(Recorded data)

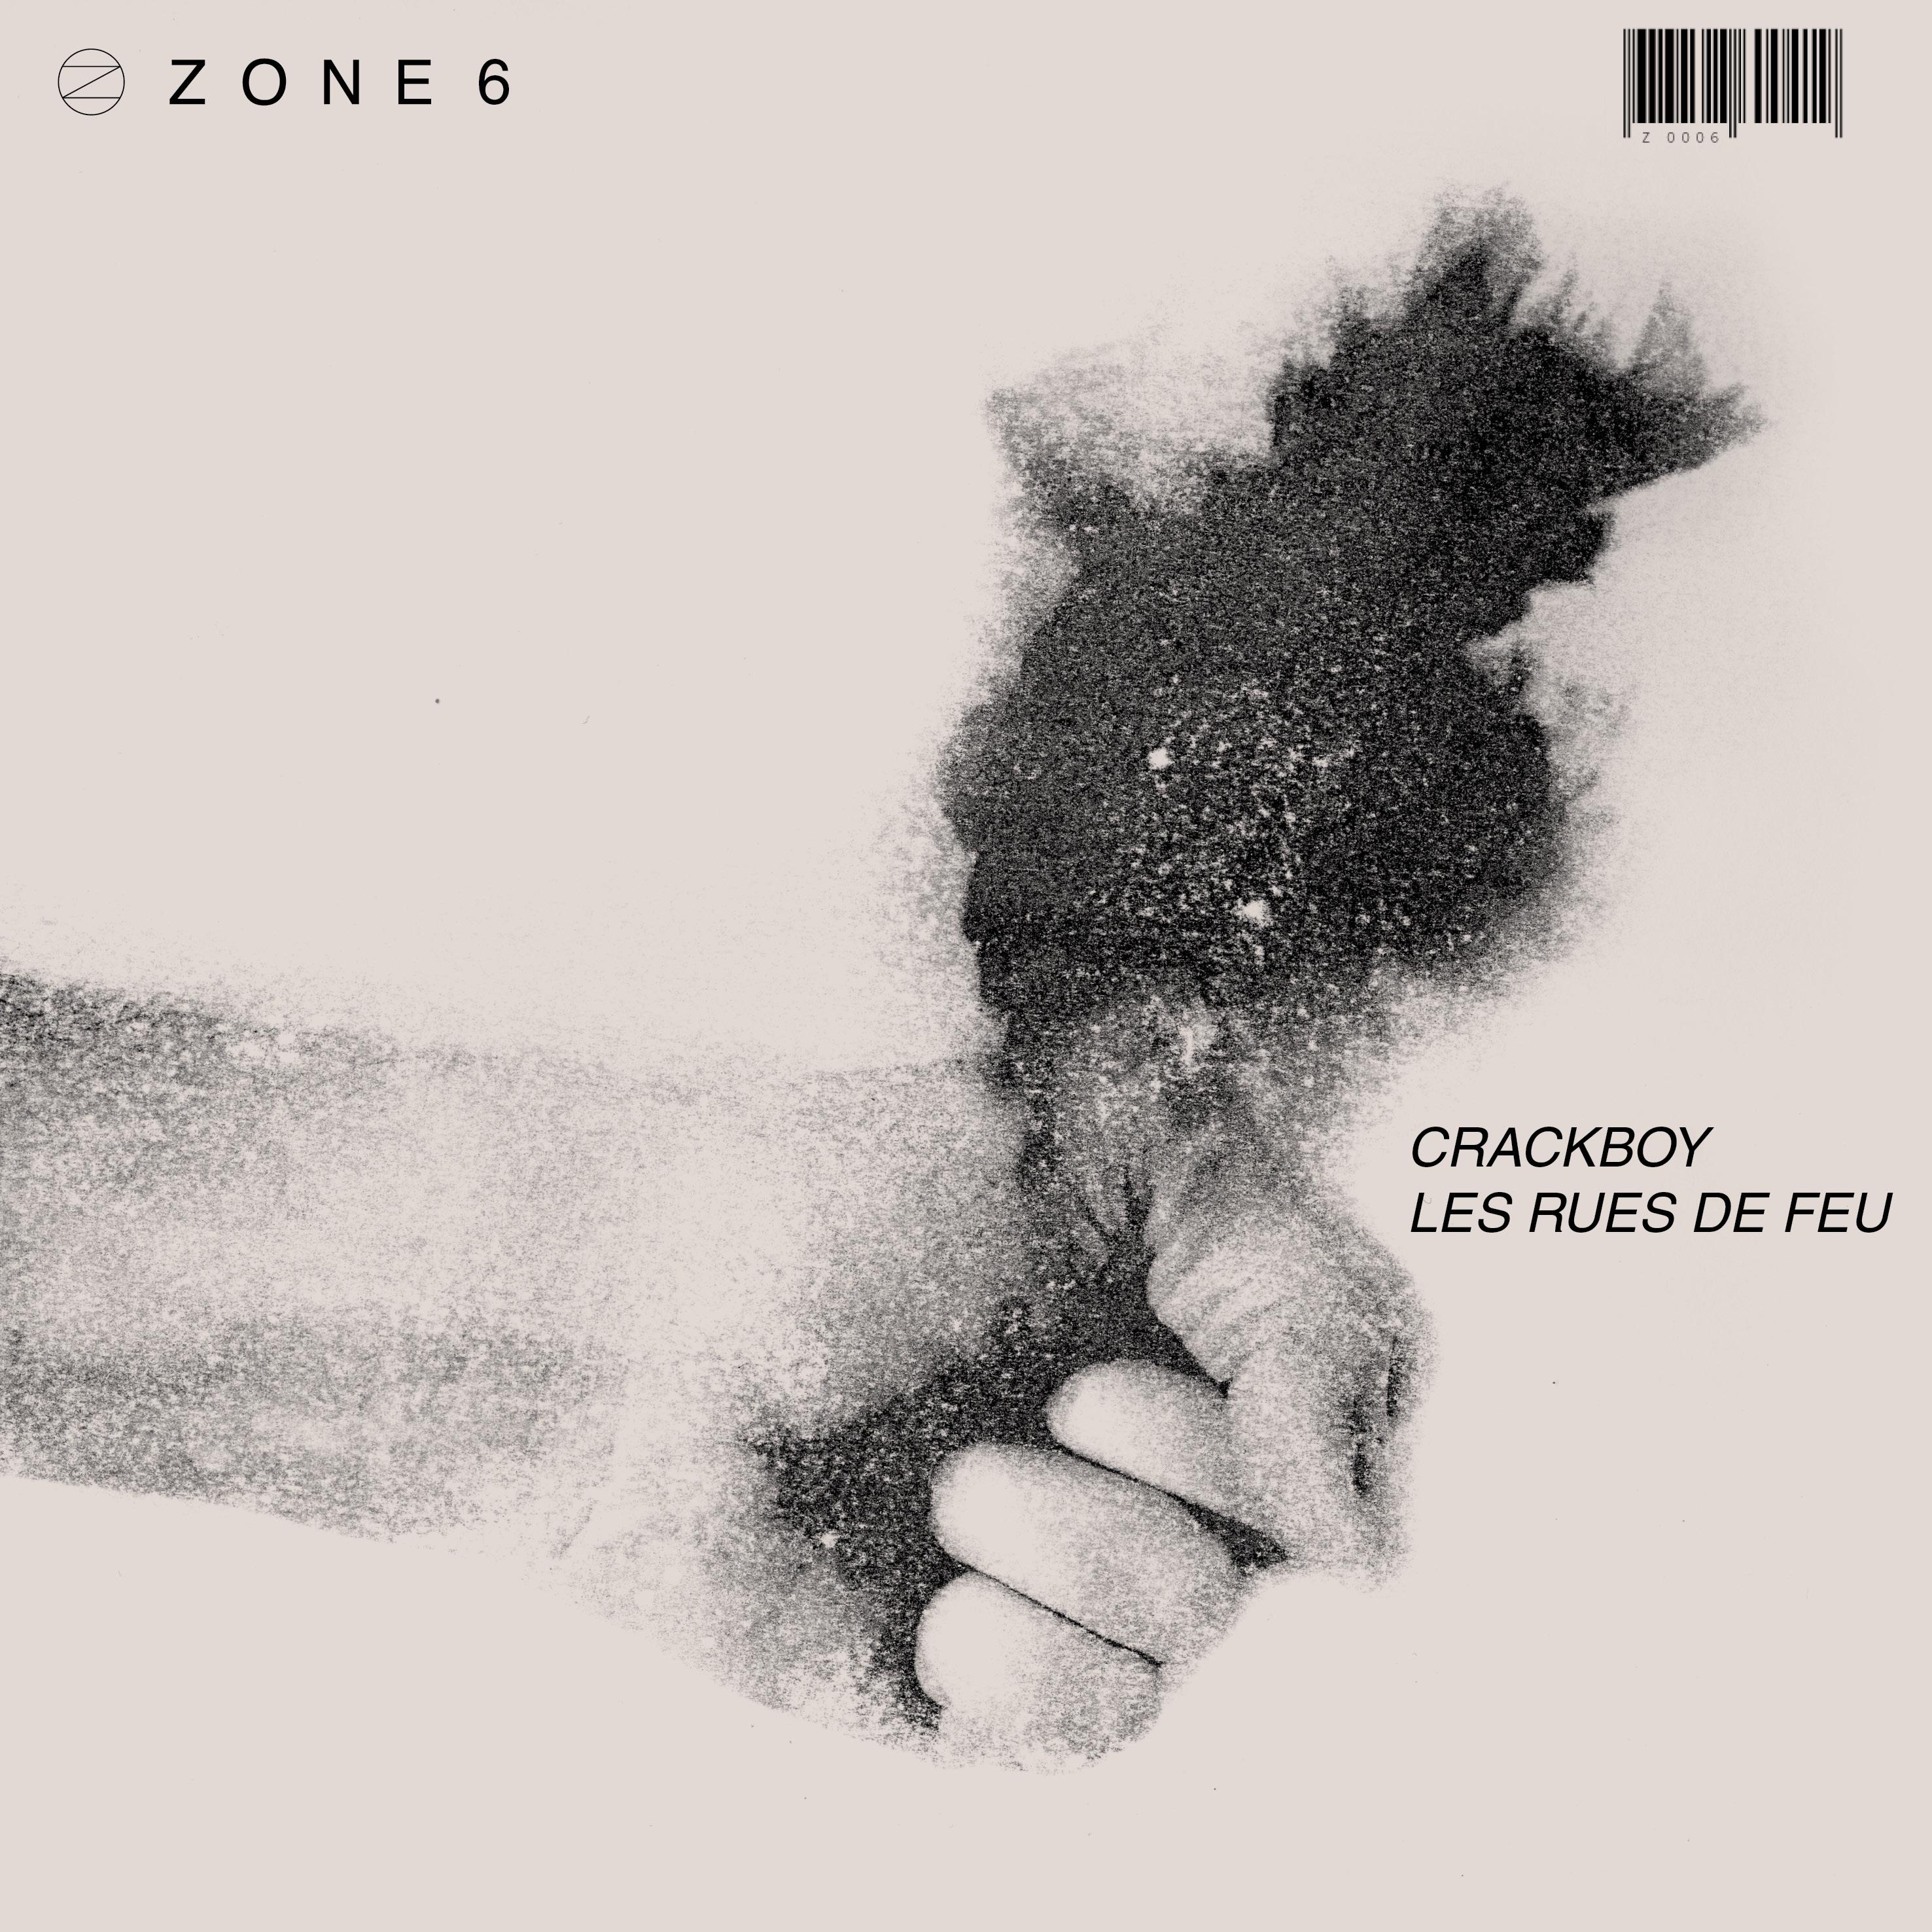 ZONE 6 CRACKBOY - Les Rues de Feu
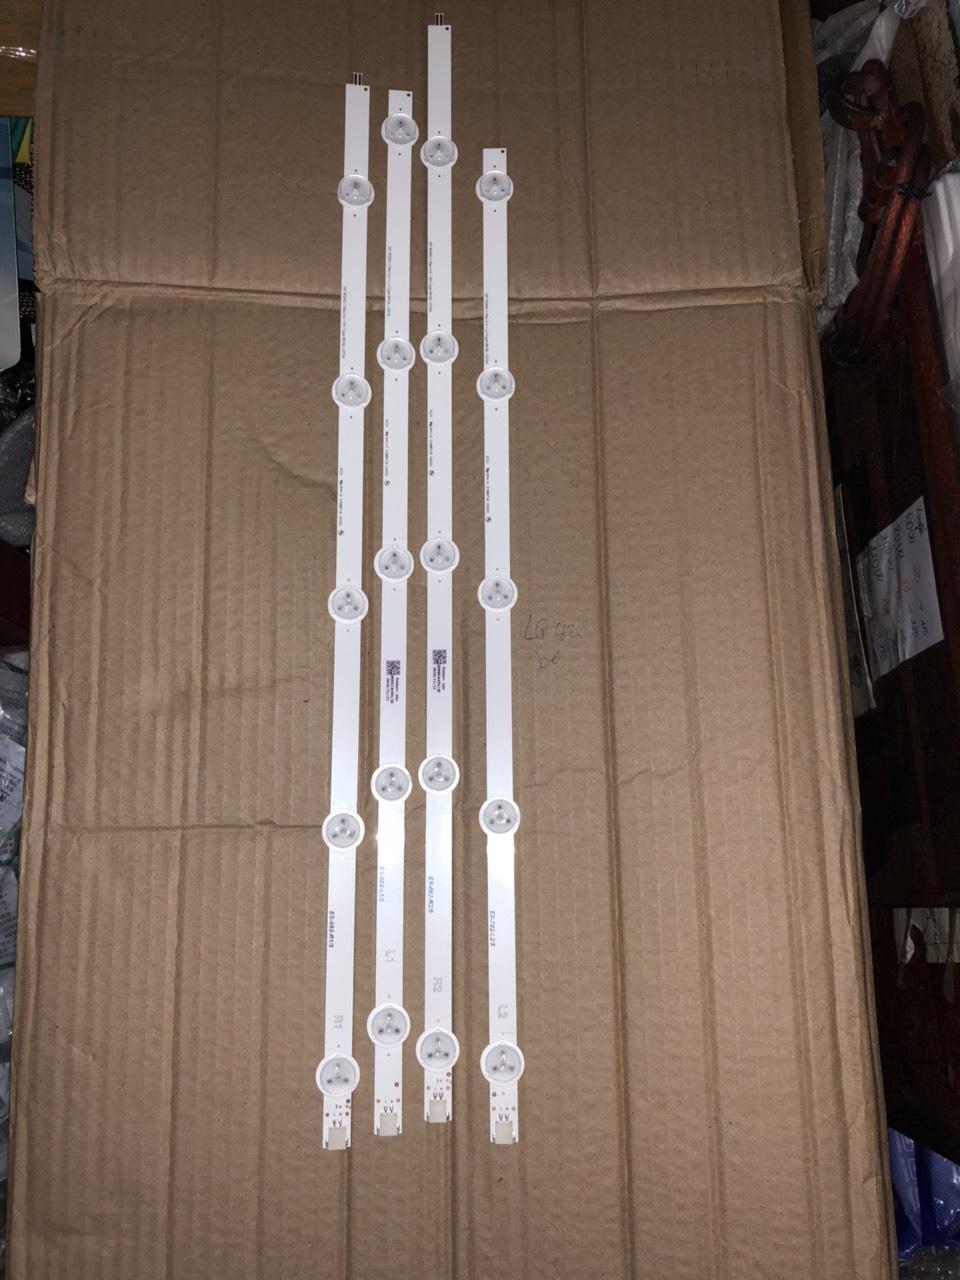 Bảng giá thanh led TIVI LG 50 inch bóng bé 4 thanh 20 bóng
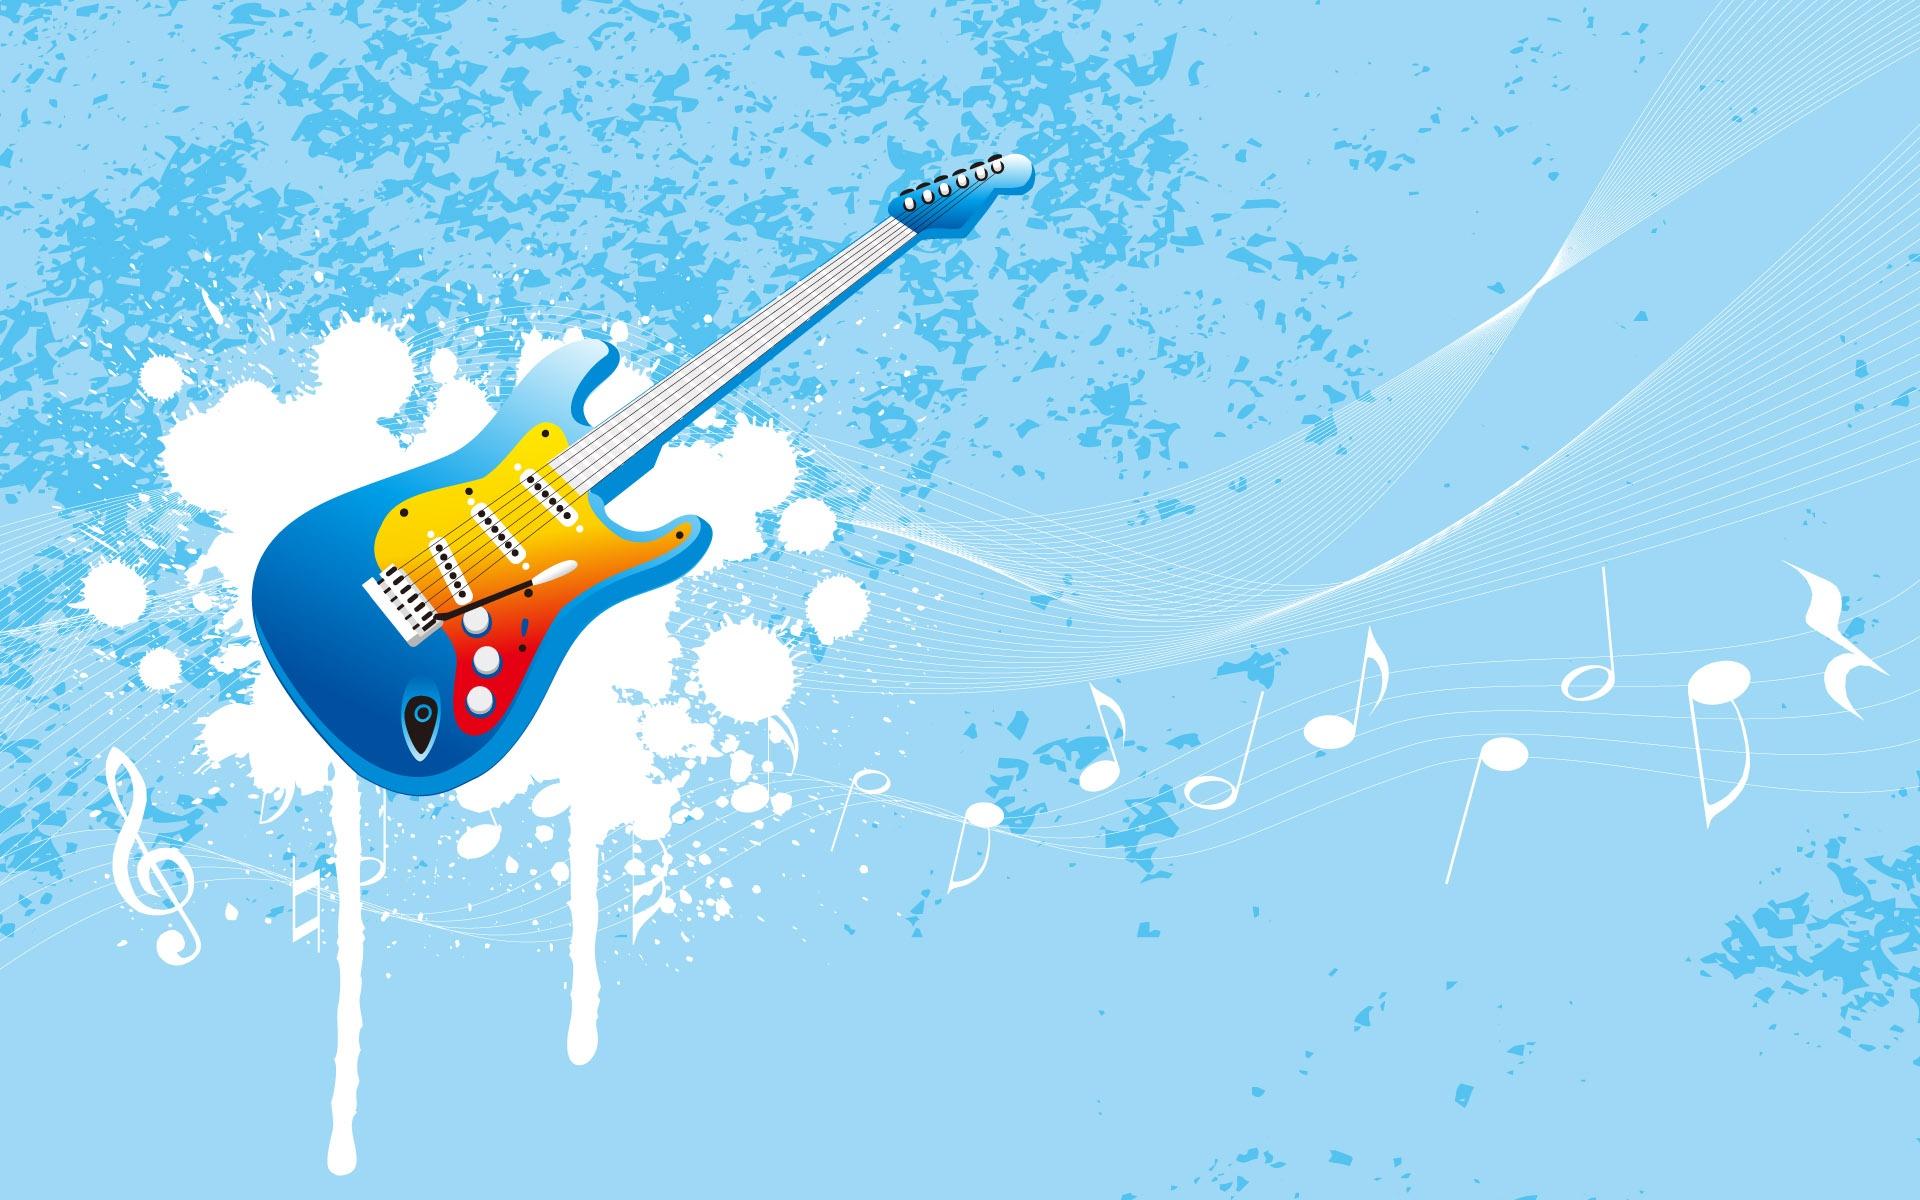 矢量设计-音乐元素(1920x1200)壁纸 - 桌面壁纸【壁纸

(End Recorded data)

• _Task item_: Output the listing exactly, pictures excluded.

• _Answer for the task_:
 ZONE 6 CRACKBOY - Les Rues de Feu
 Bảng giá thanh led TIVI LG 50 inch bóng bé 4 thanh 20 bóng
 矢量设计-音乐元素(1920x1200)壁纸 - 桌面壁纸【壁纸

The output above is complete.